2- Foi feita, tão somente, uma “emenda de redação” – que não altera o texto – para uniformizar os tempos verbais utilizados nos vários dispositivos do projeto.
3- Como simples “emenda de redação”, não gera a necessidade legal de retorno do projeto à Câmara Federal, uma vez que dela não decorre nenhuma modificação na natureza ou no alcance do projeto.
4- Não tem, pois, nenhum fundamento os comentários repercutidos na mídia, de que a referida “emenda de redação” poderia ter alterado o sentido do projeto impedindo a sua aplicação às condenações anteriores à aprovação do Ficha Limpa.
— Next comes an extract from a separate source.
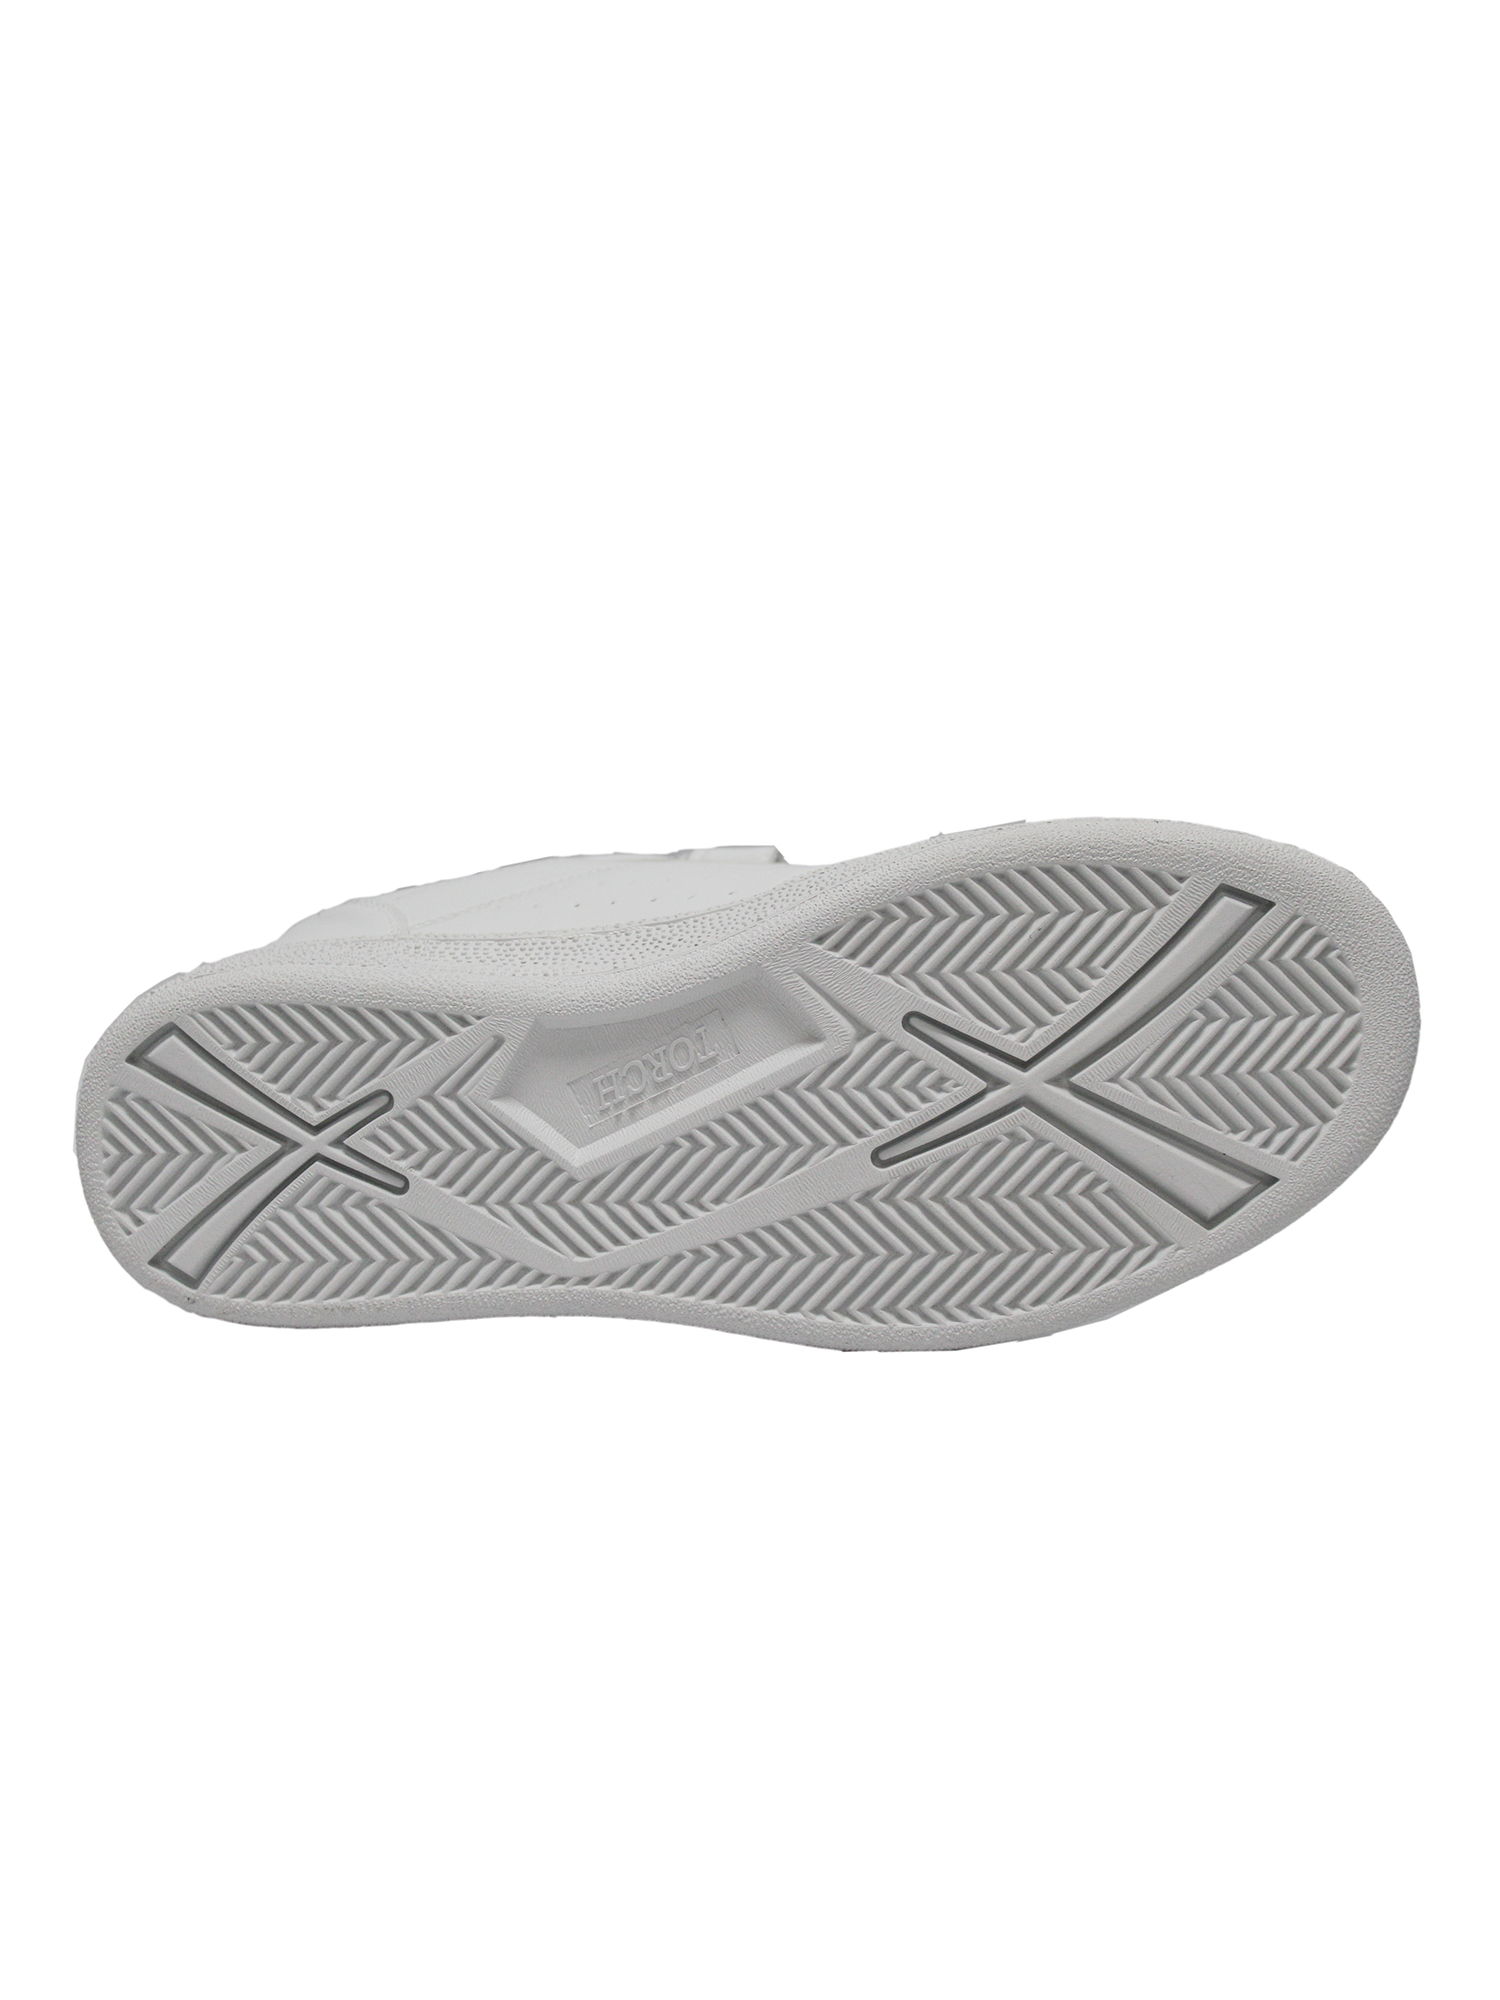 Tanleewa Men's Leather Strap Sneakers Lightweight Hook and Loop Walking Shoe Size 3.5 Adult Male - image 4 of 5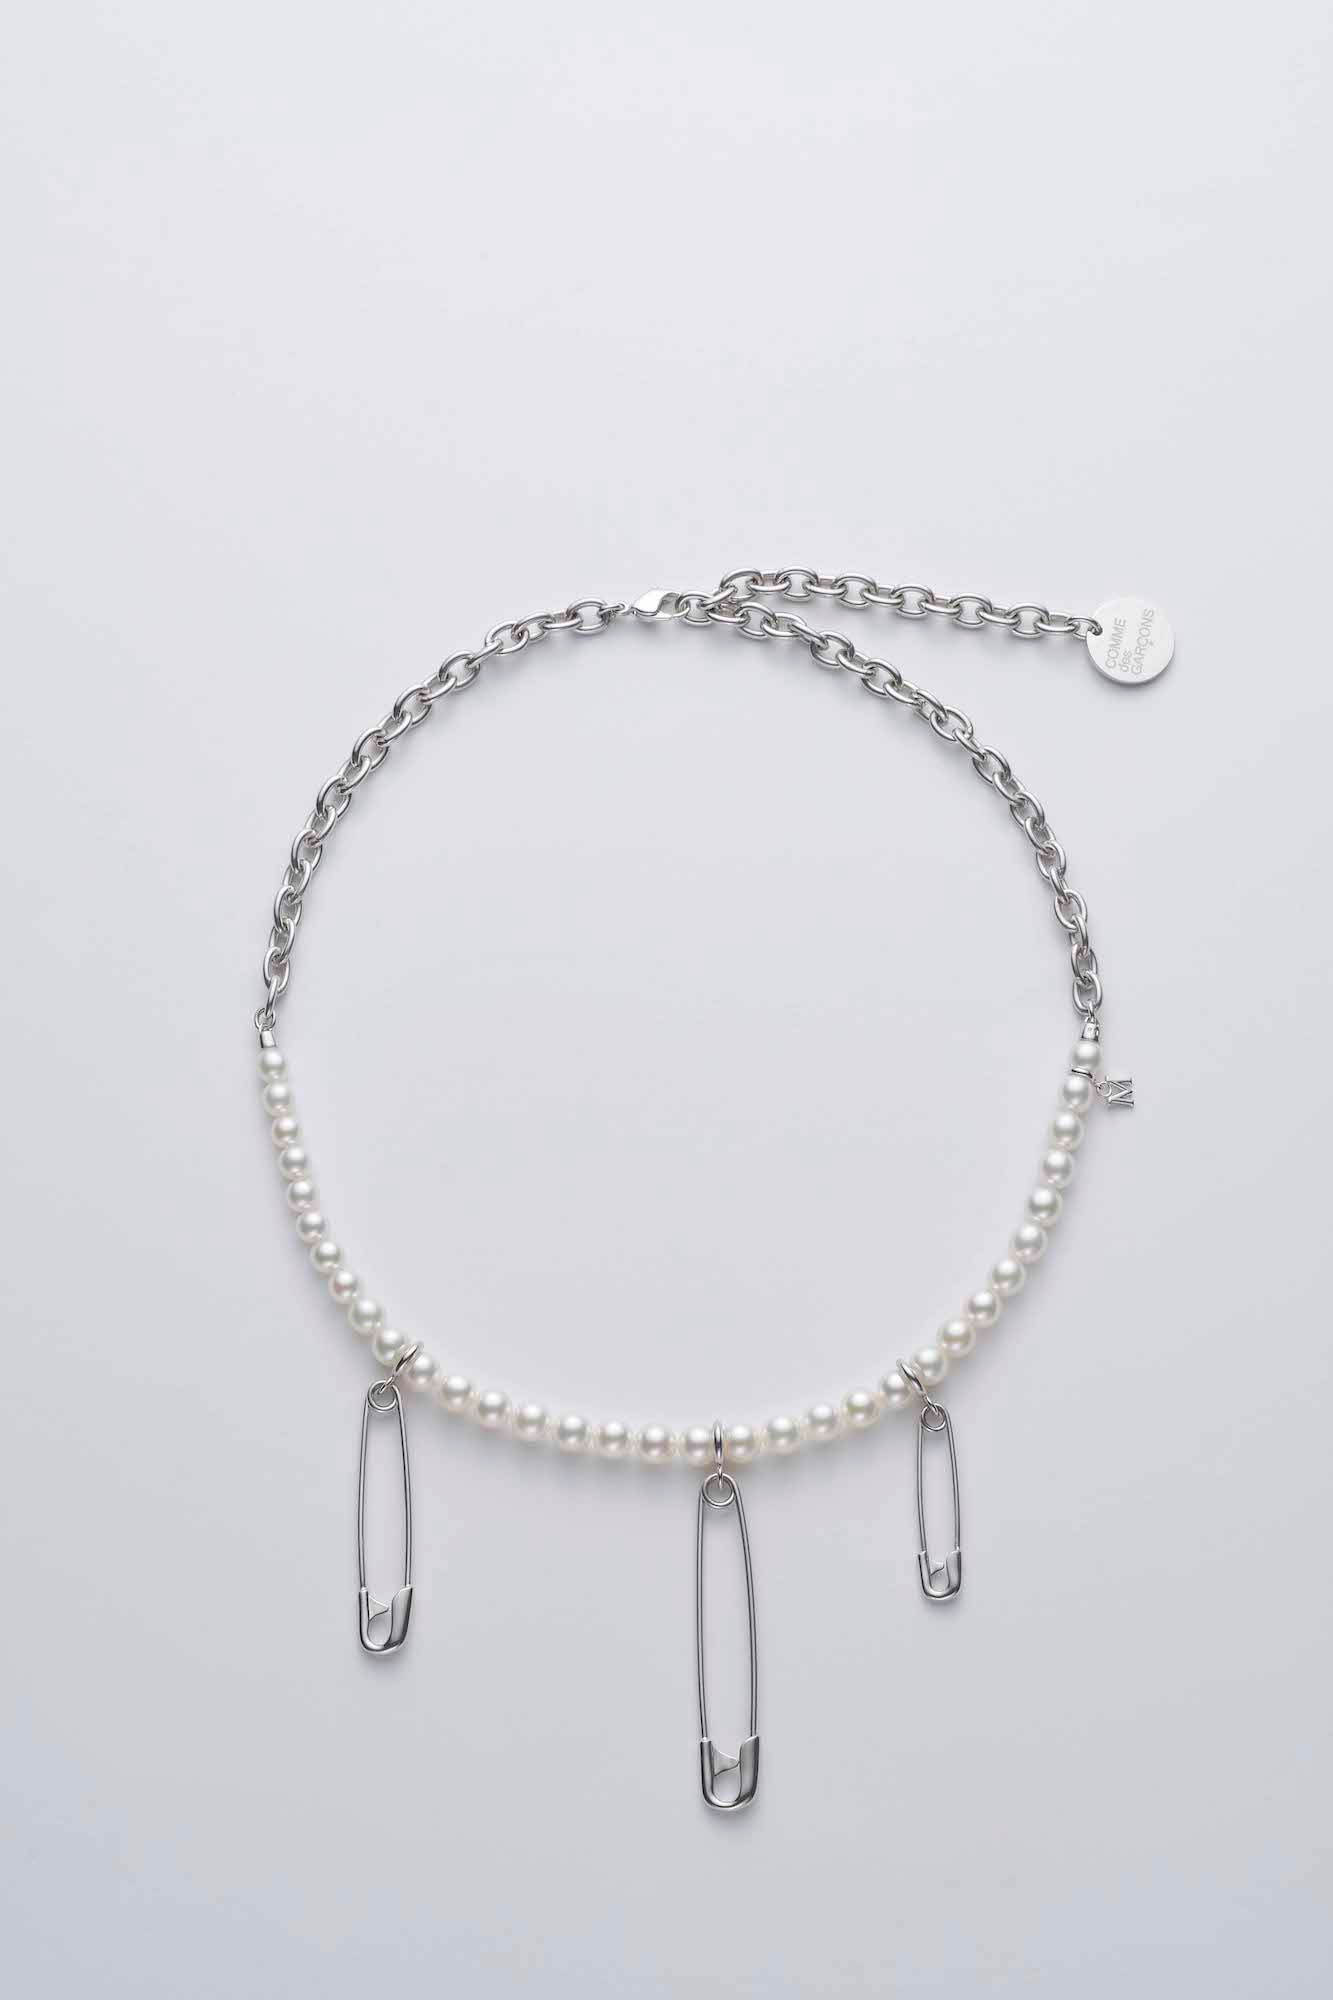 COMME des GARÇONS x Mikimoto Fine Jewelry Collaboration Rei Kawakubo Pearl Silver Necklace Where to Buy

5- O MCCE com a responsabilidade da autoria do projeto e de quem acompanhou todo o trâmite do texto no Congresso Nacional, espera que o assunto passe a ser matéria definitivamente esclarecida, e possa receber, sem demora, sanção presidencial para que passe a vigorar nas próximas eleições de outubro, aplicando-se a todos quantos tenham cometido os desvios de conduta ali previstos.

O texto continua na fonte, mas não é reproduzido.